Why is rosacea predominantly affecting women?

It is true that rosacea affects women more than men. Indeed, it is estimated that it affects twice as many women as men. However, while numerous studies have observed this fact and there is a consensus on this matter, no explanation has been found to date. The biological mechanisms behind this difference have not yet been elucidated, even though rosacea is a highly studied disease. It can be hypothesised that hormones play a role in this female predisposition to rosacea, but this cannot be definitively stated.
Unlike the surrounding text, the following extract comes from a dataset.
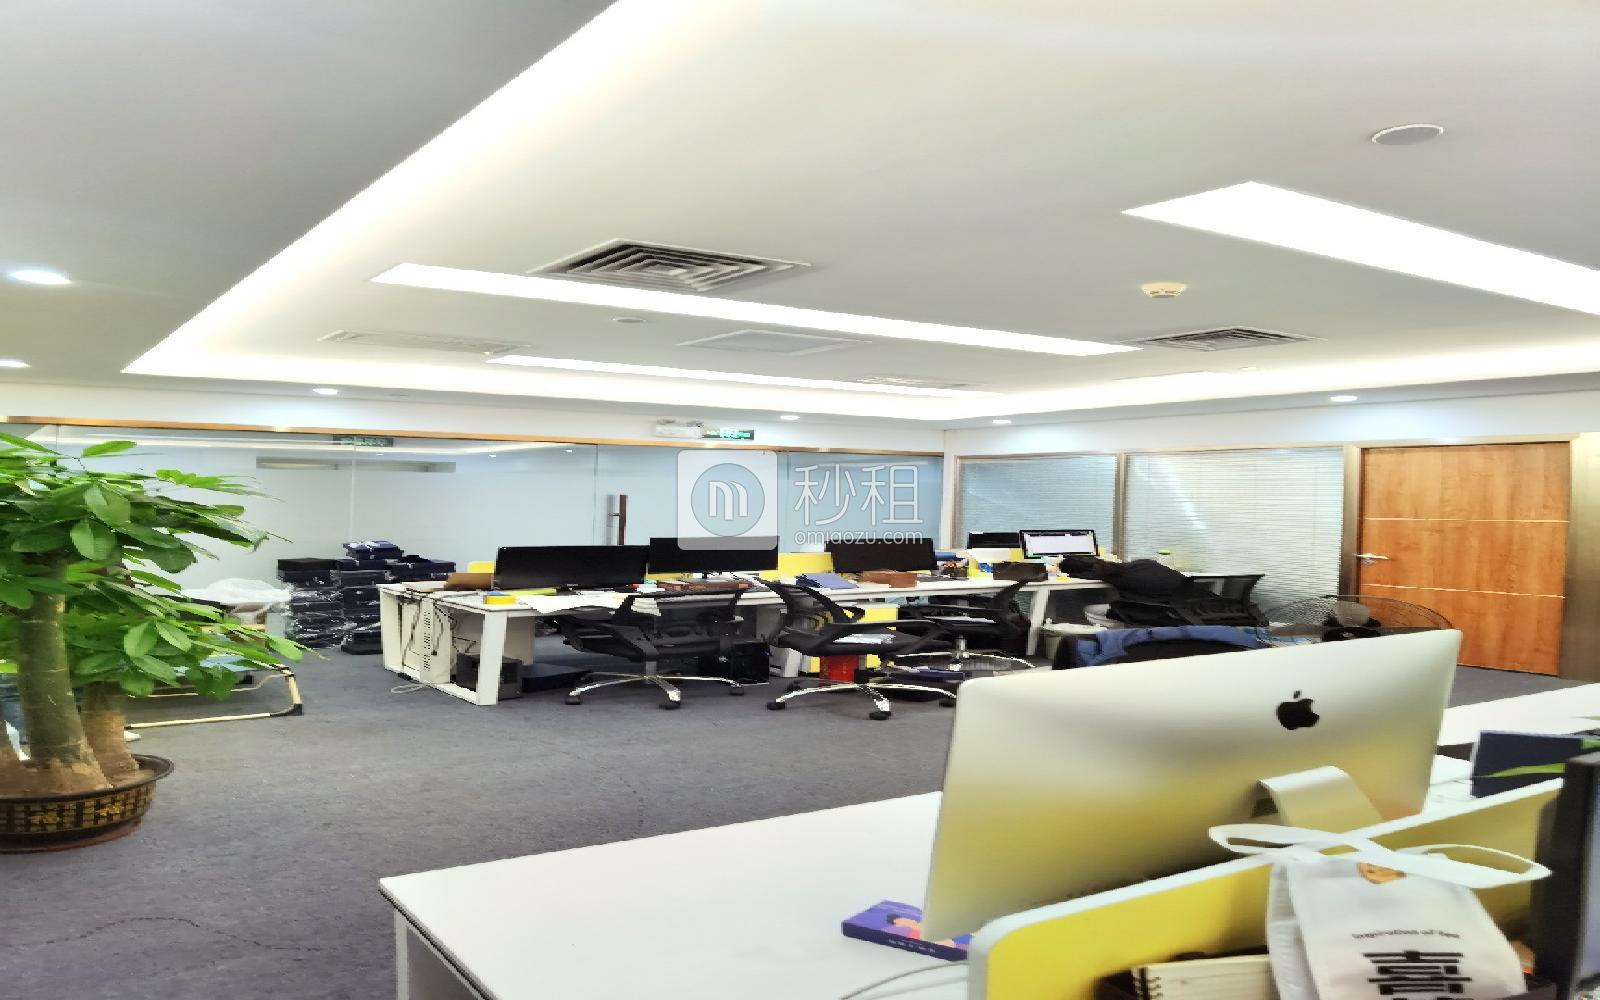 南山-西丽 凯达尔集团中心大厦 292m²
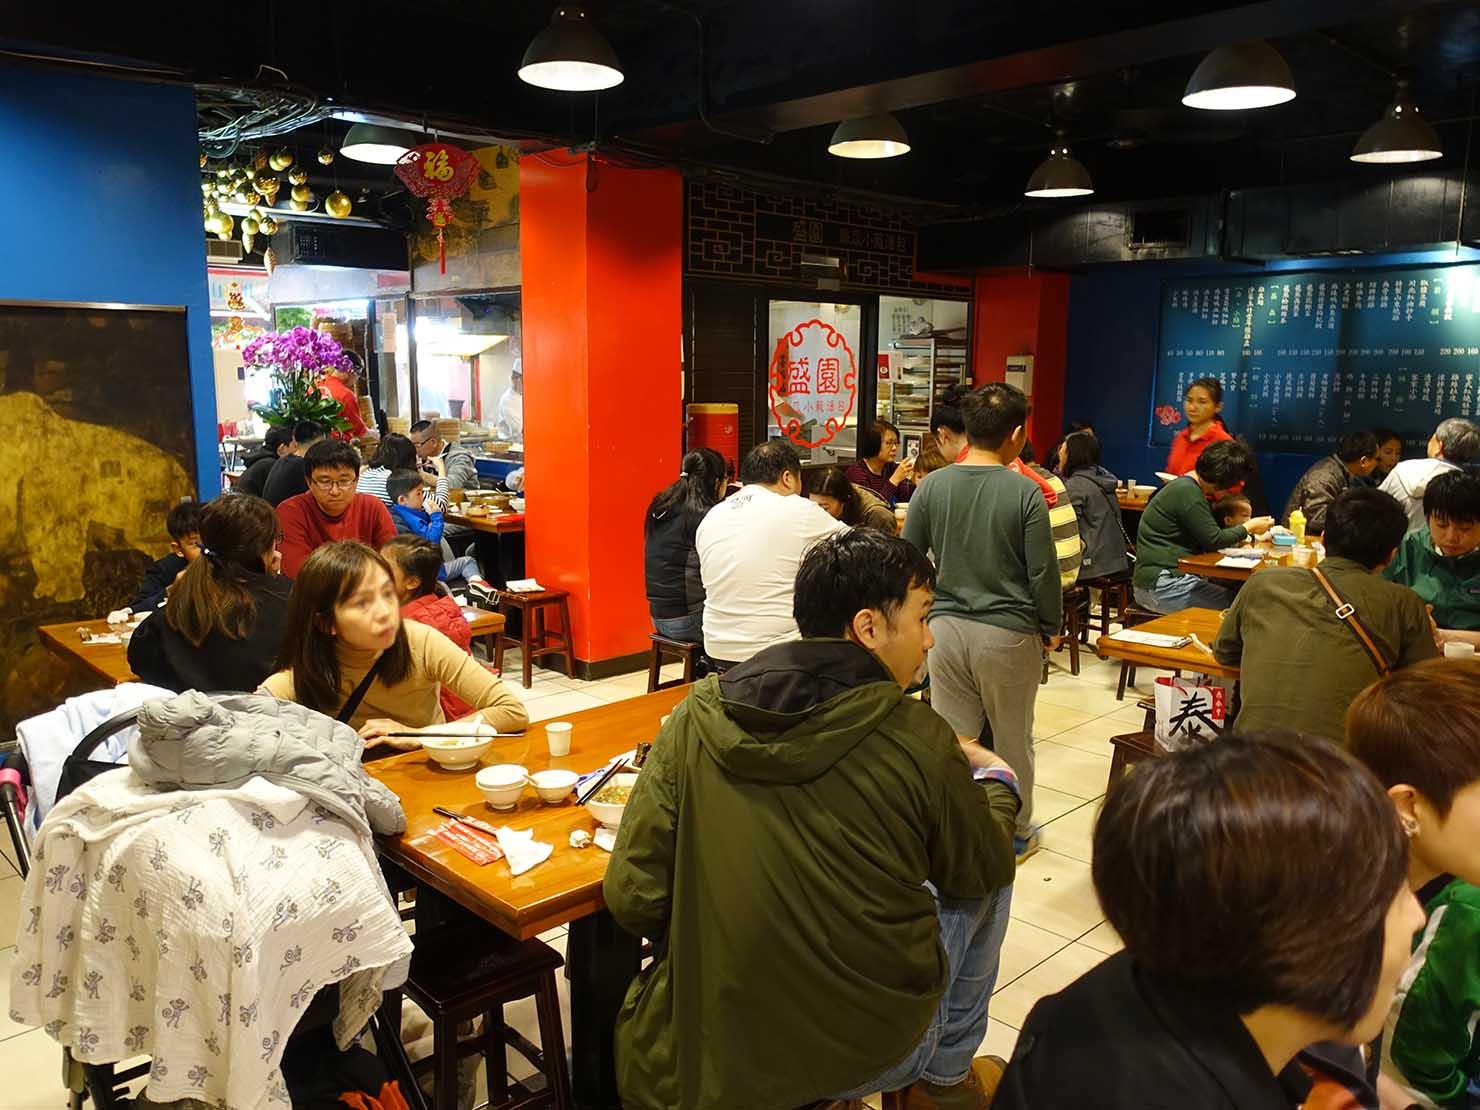 台北・中正紀念堂のおすすめグルメ店「盛園絲瓜小籠湯包」の店内

Note : While women are more often affected by the redness and spots caused by vascular and papulopustular rosacea, men are more prone to hypertrophic rosacea, a specific form where the skin on the nose thickens, giving it an appearance referred to as "rhinophyma".

Sources

  • MEIER C. R. & al. A study on the epidemiology of rosacea in the U.K. The British Journal of Dermatology (2012).

  • THYSSEN J. P. & co. Incidence and Prevalence of Rosacea: A Systematic Review and Meta-Analysis. The British Journal of Dermatology (2018).

  • VAN ZUUREN E. J. & co. Rosacea. The New England Journal of Medicine (2021).